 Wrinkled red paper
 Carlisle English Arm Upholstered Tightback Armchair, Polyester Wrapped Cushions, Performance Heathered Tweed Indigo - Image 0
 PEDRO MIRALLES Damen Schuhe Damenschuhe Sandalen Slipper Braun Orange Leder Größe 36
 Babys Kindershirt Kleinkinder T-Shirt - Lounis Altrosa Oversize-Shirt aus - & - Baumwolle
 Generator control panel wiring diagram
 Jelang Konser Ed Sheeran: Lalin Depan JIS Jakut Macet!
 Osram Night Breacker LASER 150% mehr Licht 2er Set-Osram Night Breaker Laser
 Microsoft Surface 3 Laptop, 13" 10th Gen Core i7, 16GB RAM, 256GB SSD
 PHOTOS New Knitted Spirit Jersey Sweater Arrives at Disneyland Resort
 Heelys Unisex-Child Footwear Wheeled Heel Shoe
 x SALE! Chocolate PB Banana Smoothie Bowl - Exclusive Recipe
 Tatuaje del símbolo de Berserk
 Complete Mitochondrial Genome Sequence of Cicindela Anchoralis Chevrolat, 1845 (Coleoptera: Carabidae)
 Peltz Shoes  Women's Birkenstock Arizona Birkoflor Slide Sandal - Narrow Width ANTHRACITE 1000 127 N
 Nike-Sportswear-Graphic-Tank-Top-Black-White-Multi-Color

■ ■ ■ ■

> [EXERCISE DIRECTIONS]
Every line in the material must be repeated verbatim.

> [RESULT OF THE EXERCISE]
 Wrinkled red paper
 Carlisle English Arm Upholstered Tightback Armchair, Polyester Wrapped Cushions, Performance Heathered Tweed Indigo - Image 0
 PEDRO MIRALLES Damen Schuhe Damenschuhe Sandalen Slipper Braun Orange Leder Größe 36
 Babys Kindershirt Kleinkinder T-Shirt - Lounis Altrosa Oversize-Shirt aus - & - Baumwolle
 Generator control panel wiring diagram
 Jelang Konser Ed Sheeran: Lalin Depan JIS Jakut Macet!
 Osram Night Breacker LASER 150% mehr Licht 2er Set-Osram Night Breaker Laser
 Microsoft Surface 3 Laptop, 13" 10th Gen Core i7, 16GB RAM, 256GB SSD
 PHOTOS New Knitted Spirit Jersey Sweater Arrives at Disneyland Resort
 Heelys Unisex-Child Footwear Wheeled Heel Shoe
 x SALE! Chocolate PB Banana Smoothie Bowl - Exclusive Recipe
 Tatuaje del símbolo de Berserk
 Complete Mitochondrial Genome Sequence of Cicindela Anchoralis Chevrolat, 1845 (Coleoptera: Carabidae)
 Peltz Shoes  Women's Birkenstock Arizona Birkoflor Slide Sandal - Narrow Width ANTHRACITE 1000 127 N
 Nike-Sportswear-Graphic-Tank-Top-Black-White-Multi-Color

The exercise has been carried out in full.